Billy's Boots was a popular British comic strip by writer Fred Baker and artist John Gillatt, later continued by Mike Western. The original Billy's Boots was an earlier humorous series, written and drawn by Frank Purcell, which appeared in Tiger from December 23rd 1961 until July 13th 1963, with a similar premise to this later series. The later more serious Billy appeared in the first issue of Scorcher in 1970, and later moved to Tiger when the two comics merged in 1974. In 1985, Tiger in turn merged with Eagle and the strip moved again. Just a year later, Billy's adventures relocated once more, this time to Roy of the Rovers. New adventures were included in the weekly comic until May 1990 (later followed by reprints), before he switched to Best of Roy of the Rovers Monthly. The strip also appeared in annuals, including annuals for comics which had themselves ceased publication. The strip is still fondly remembered by fans of the "golden age" of British boys' comics. In Finland and Sweden, Billy's Boots was published in Buster magazine. In the UK, stories based on Billy's earliest adventures appeared in Total Football magazine until it closed in 2001, and Billy's story was also reprinted for a few months in the defunct Striker comic.

==Story overview==

The moment when Billy found the boots, from the first issue of Scorcher in 1970.

The series concerned Billy Dane, a schoolboy and aspiring footballer, who was an extremely poor player until he discovered a pair of old style, ankle high, football boots while cleaning his grandmother's loft. The boots, which his grandfather had bought as a souvenir, had belonged, decades before, to a famous professional striker called Charles "Dead Shot" Keen. In a manner which was never explained in the story, the boots possess special abilities which turn Billy into a fantastic football player when he wore them. In addition to giving Billy the physical skill to score great goals, the boots also granted him the intuition to be in the right place at the time on the pitch, leading him to feel that they have a "mind of their own".
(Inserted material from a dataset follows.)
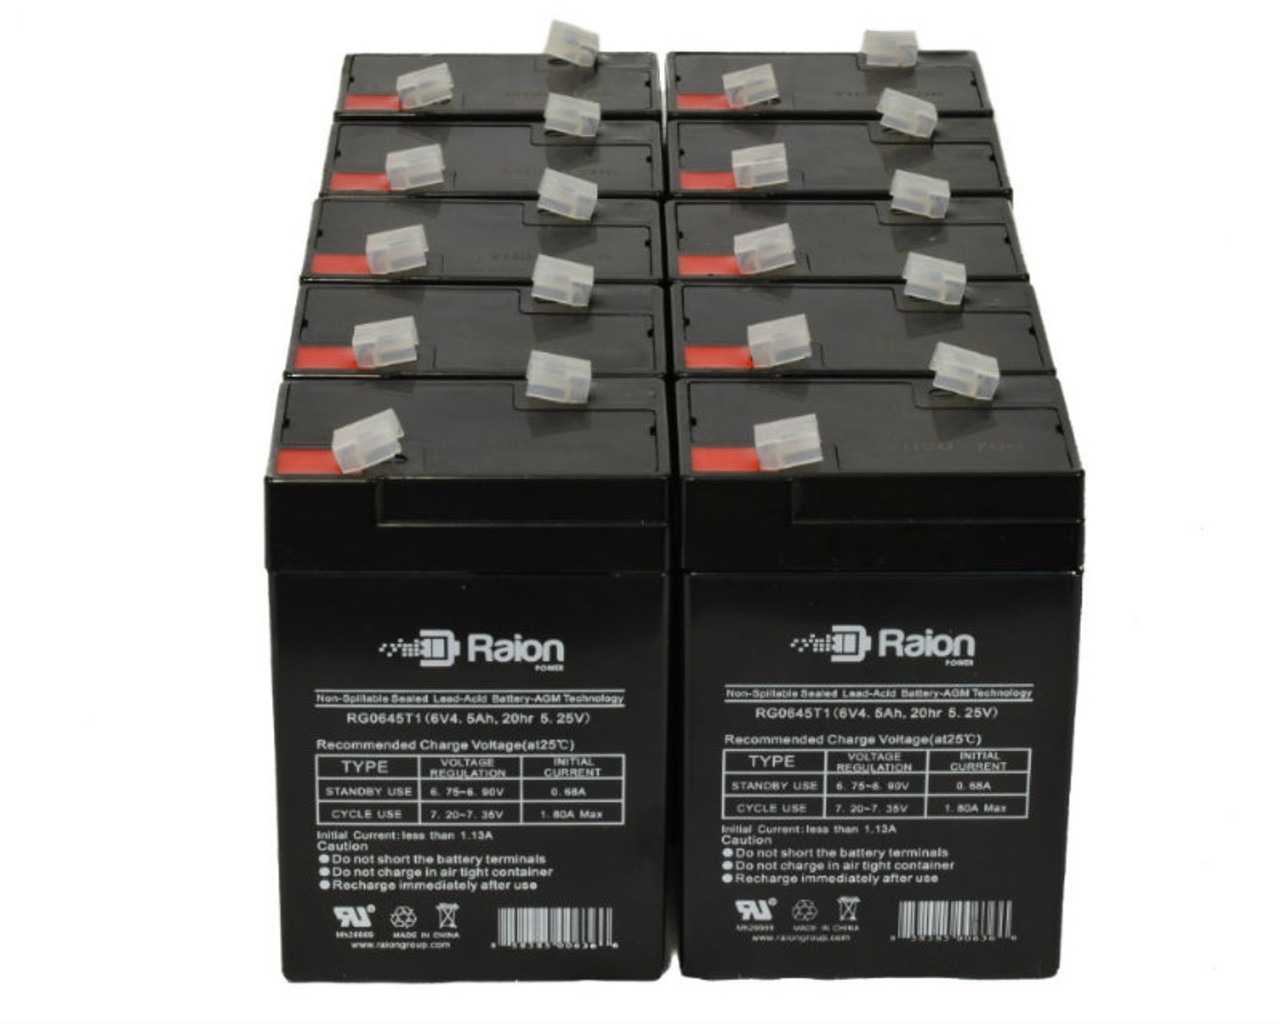 Raion Power 6V 4.5Ah Replacement Emergency Light Battery for Siltron SN640 - 10 Pack
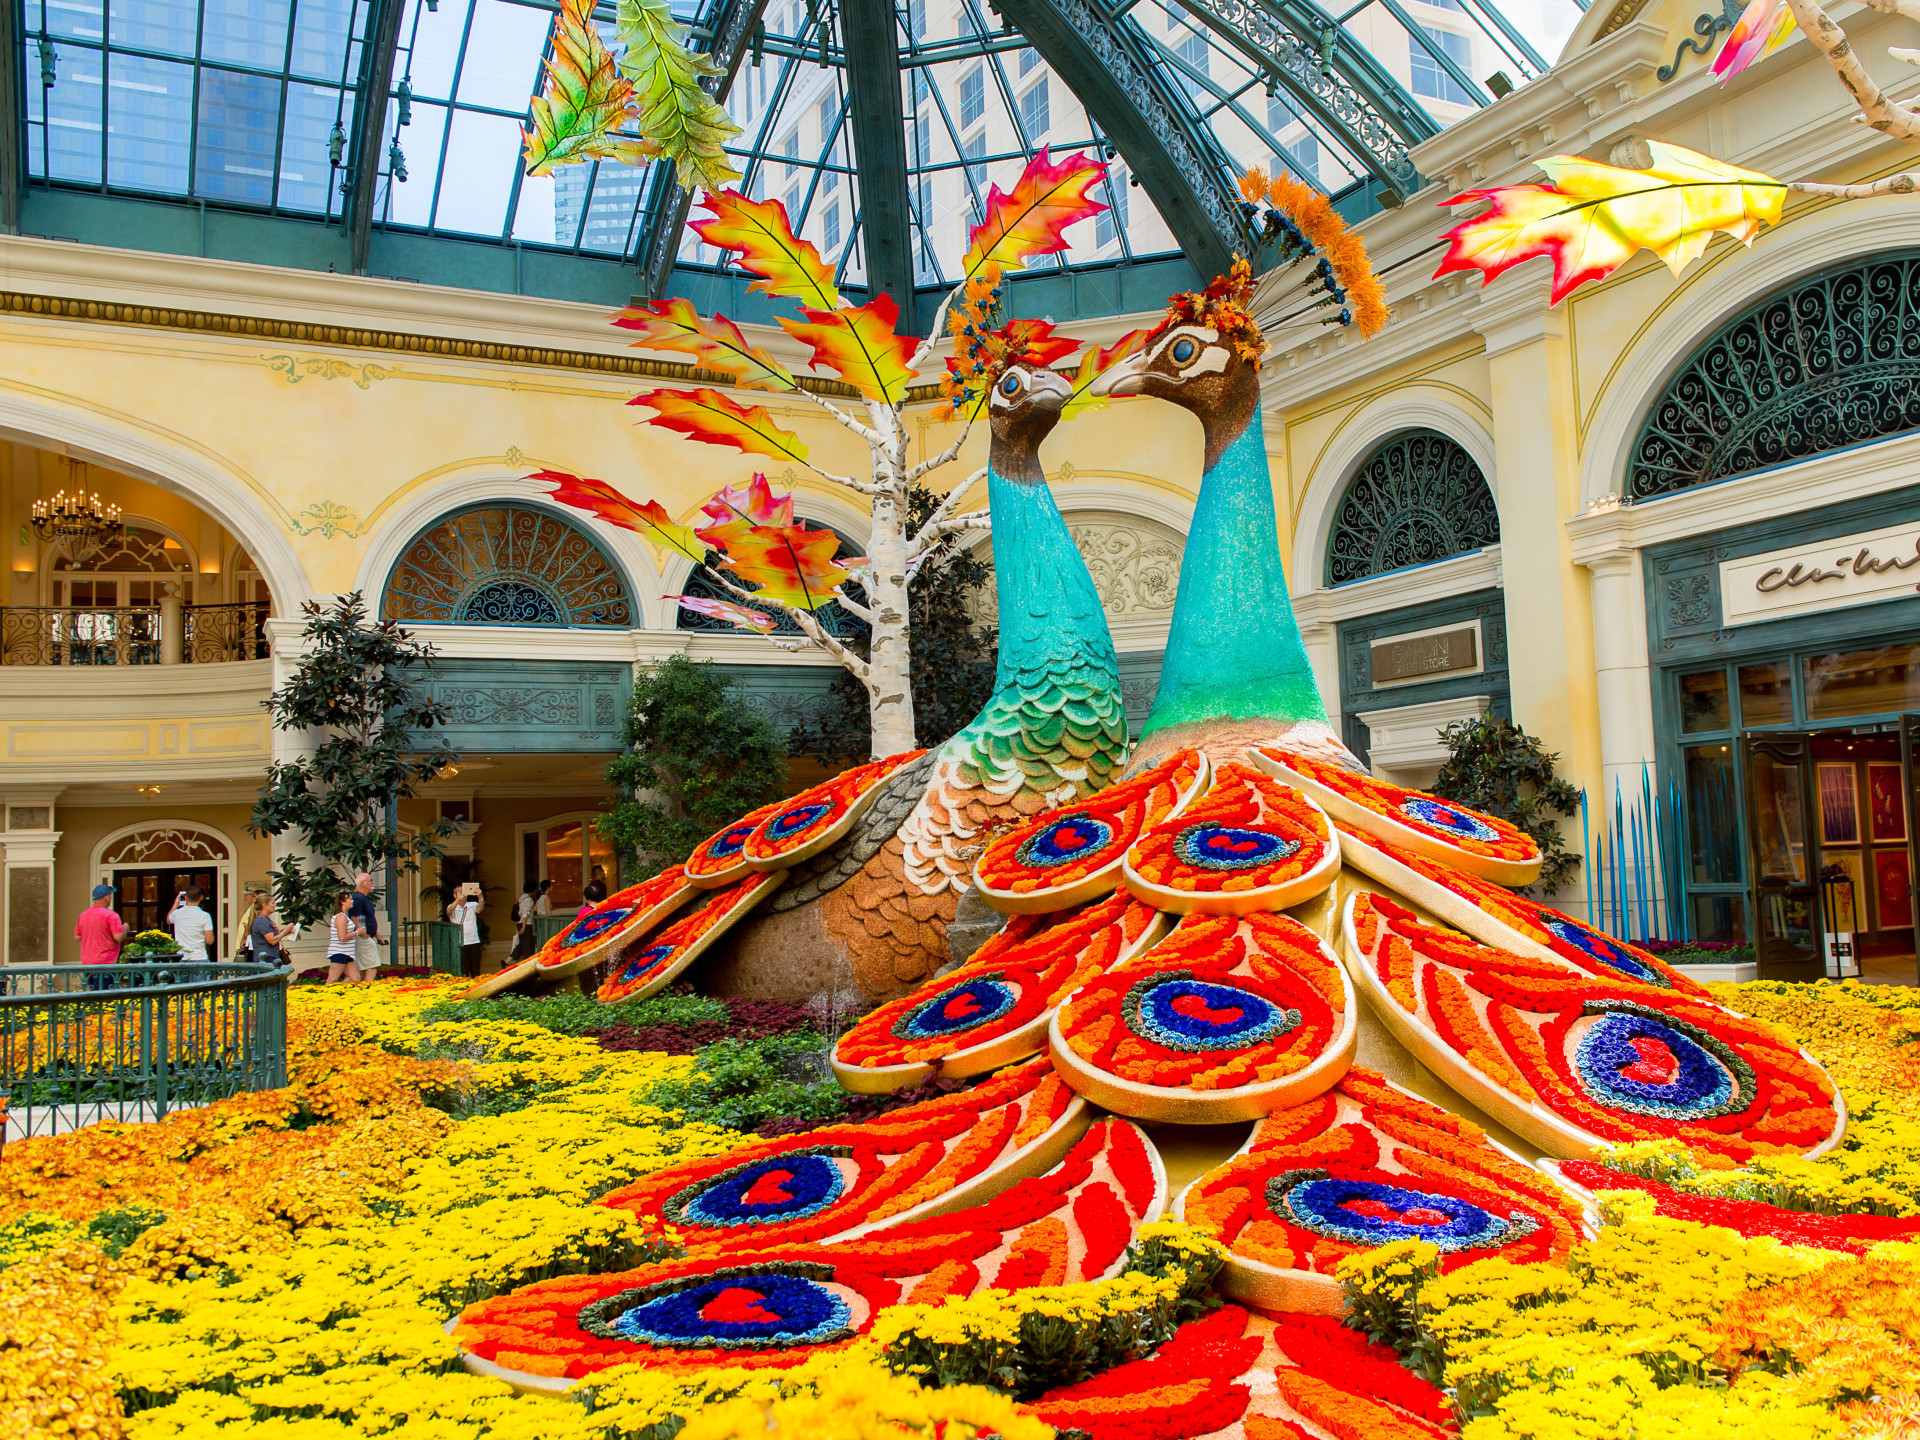 Fantasies come to life at these glorious gardens inside the luxurious Bellagio Hotel in Las Vegas. Here thousands of flowers are harvested and transformed into mesmerizing works of art beyond your wildest dreams.<p><a href="https://www.msn.com/en-us/community/channel/vid-7xx8mnucu55yw63we9va2gwr7uihbxwc68fxqp25x6tg4ftibpra?cvid=94631541bc0f4f89bfd59158d696ad7e">Follow us and access great exclusive content every day</a></p>

Each week, the strip was introduced with the words, "Billy Dane found an ancient pair of football boots that used to belong to old-time soccer star, "Dead-Shot" Keen. In some strange way, the boots enabled Billy to play in the same style as Dead Shot..."

However, despite the boots' obvious importance to him, he would repeatedly lose them or have them stolen.

The boots fell apart after a few matches due to their age and could not be repaired. Fearing that he would lose his new-found ability and knowing that "Dead Shot" Keen had played for the local club, Amhurst Albion, Billy went to their ground to see if any of Keen's other boots remained there. Having secretly entered the stadium, he found the boot room and discovered another pair of Keen's old boots which, much repaired, he used for the remainder of the story.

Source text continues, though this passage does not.